Certes, les fresques de Padoue ne m’évoquent ni la mystérieuse disparition de Papa à Assise et l’agacement de Maman (il n’y avait pas encore de portable à l’époque) ni la journée passée avec Patricia et Olivier à s’initier à l’histoire du saint tandis que Papa et Maman faisaient une escapade amoureuse à Rome ni les frasques de Papa – encore lui ! – dansant la « Zoum-ba-zoum » sur la place d’Assise – et moi de pleurer de honte de l’impudeur de mon père ! Mais, dotée à présent de quelque connaissance en histoire de l’art, je ne puis que m’émerveiller face la modernité et le réalisme de ce peintre des Due- et Trecento : l’introduction du fond bleu, le volume des corps, les couleurs éclatantes, l’expression d’une émotion forte sur les visages, etc. Et puis, il est probable que d’ici peu la Cappella degli Scrovegni éveille des souvenirs plus personnels liés au séjour Erasmus.

*

*   *

Mais je pense qu’on ne peut pas limiter l’art de la fresque à Padoue au seul nom de Giotto, ni même à Mantegna (chiesa degli Eremitani) ou Menabuoi (Baptistère). Padoue est une ville bien plus moderne, bien plus hétéroclite. En flânant dans les rues, j’ai été frappée de voir le nombre de peintures murales réalisées par un artiste, inconnu sans doute, mais incontournable ici. D’abord simplement amusée par ces fresques à la fois drôles et désabusées, j’ai fini par prendre l’habitude de les photographier.

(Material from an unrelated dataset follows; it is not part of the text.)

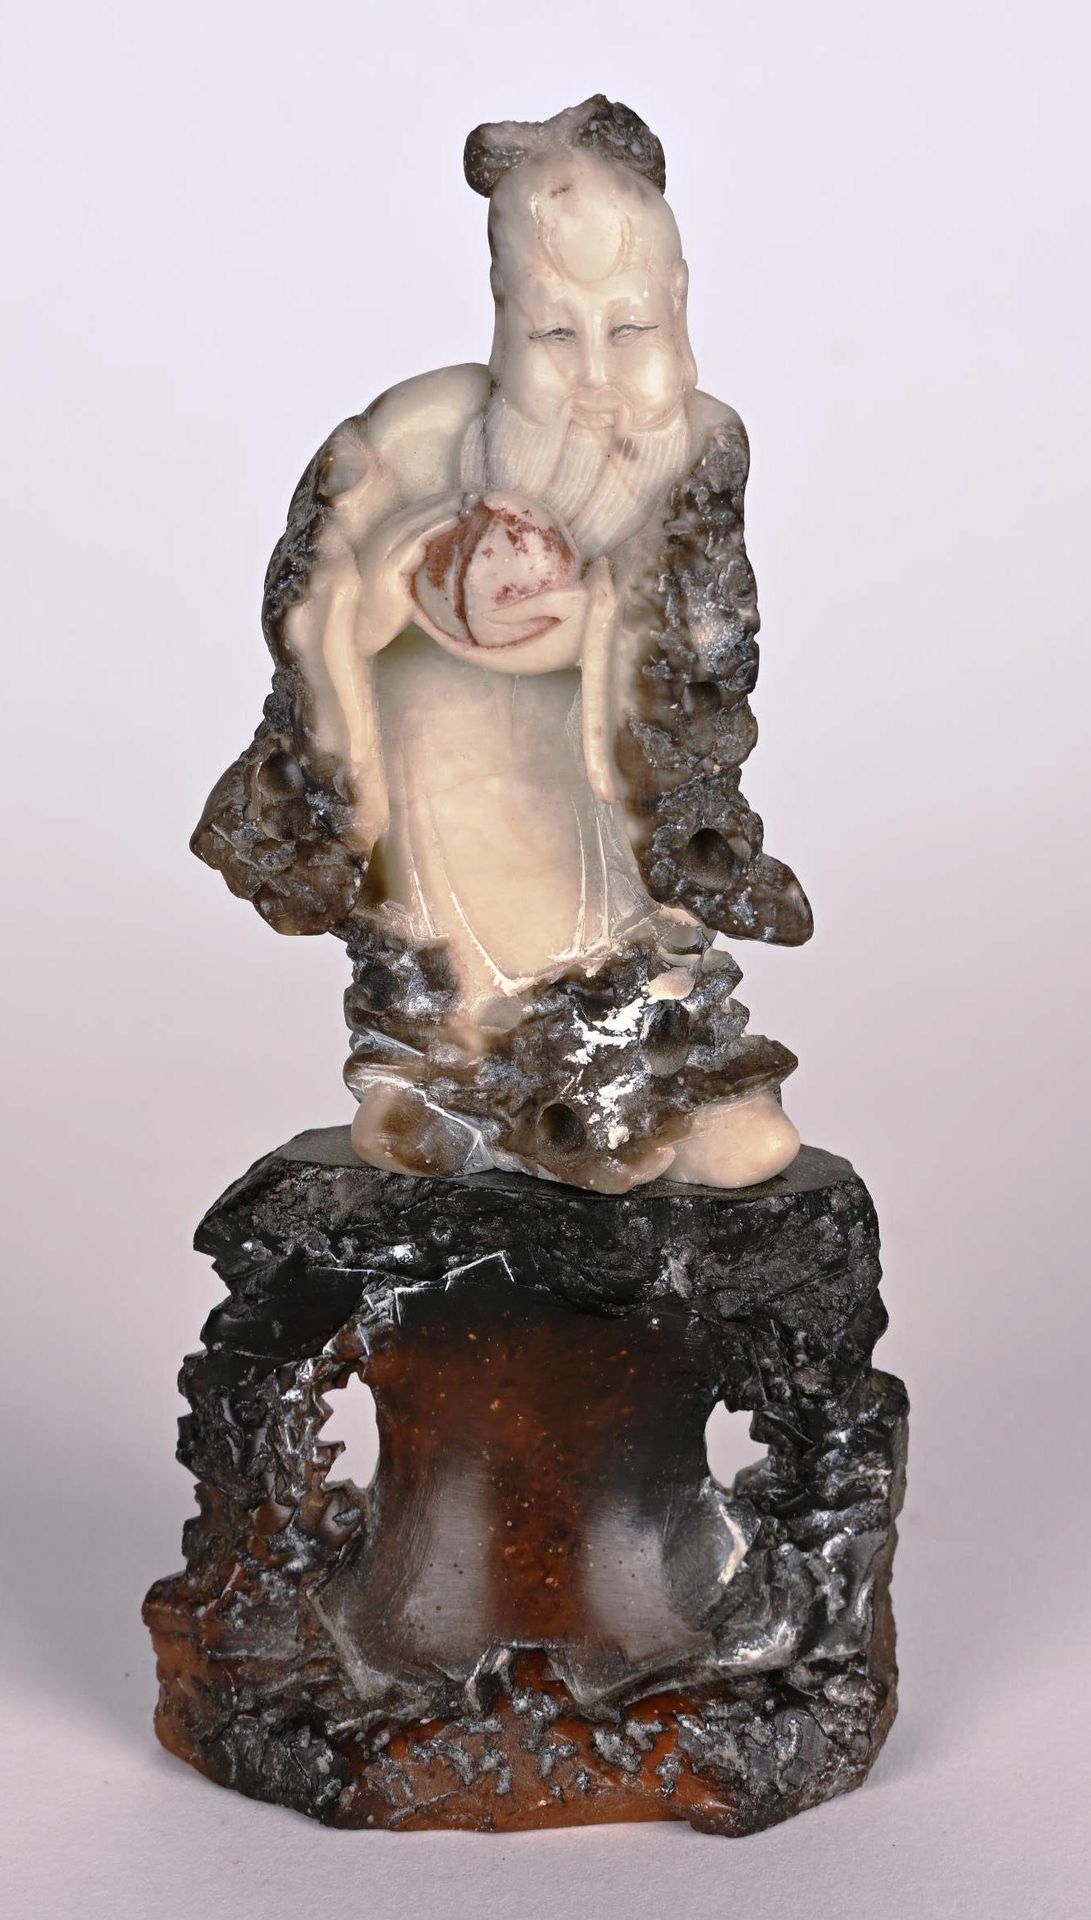 Sculpture en jadéite d'un sage CHINA.

Jadeite sculpture of a wise man with a wo&hellip;

Et alors un vieux débat, récurrent depuis que je suis à l’université, refait surface : qu’est-ce que l’art ? Peut-on considérer ces fresques, qui frisent parfois le vandalisme (bien que l’auteur prenne généralement soin de les peindre dans des endroits assez discrets : ruelles, arcades, murs à l’abandon, etc.), comme des œuvres d’art au même titre que les fresques du Giotto ? Ne sont-elles pas dignes d’un égal intérêt Où se situe la frontière entre ce qui relève de l’art et ce qui n’en est pas ?

C’était déjà la question soulevée par l’Urinoir de Marcel Duchamp. Un bête urinoir, qui ne se distingue de ses confrères que par une signature et l’absence de tuyauterie, devient une œuvre d’art à partir du moment où on le présente comme tel – et où on invite le public à en faire autant – en l’exposant dans des musées, en lui réservant moult articles, en le vendant des millions.

Finalement, la nature artistique n’est pas intrinsèque à l’œuvre, elle dépend du récepteur (et aussi de l’émetteur qui choisit ou non d’imposer son produit comme œuvre d’art). Aussi, peut-être est-ce à moi de faire de ces fresques des œuvres d’art. Les photographier, par exemple, est un bon moyen : les touristes n’ont-ils pas l’habitude de photographier ce qu’on leur présente comme de l’art (évidemment, ça ne marche pas très bien avec les fresques de Giotto car il est quasiment interdit de respirer en leur présence, alors les photographier…) ? Ou en parler, comme je suis en train de le faire. Comme ça, si vous allez un jour à Padoue, vous serez attentifs à ce phénomène, vous chercherez ces fresques, vous prendrez des photos, vous en parlerez autour de vous. Ainsi, nous contribuerons peut-être à faire de cet illustre inconnu un Giotto des temps modernes.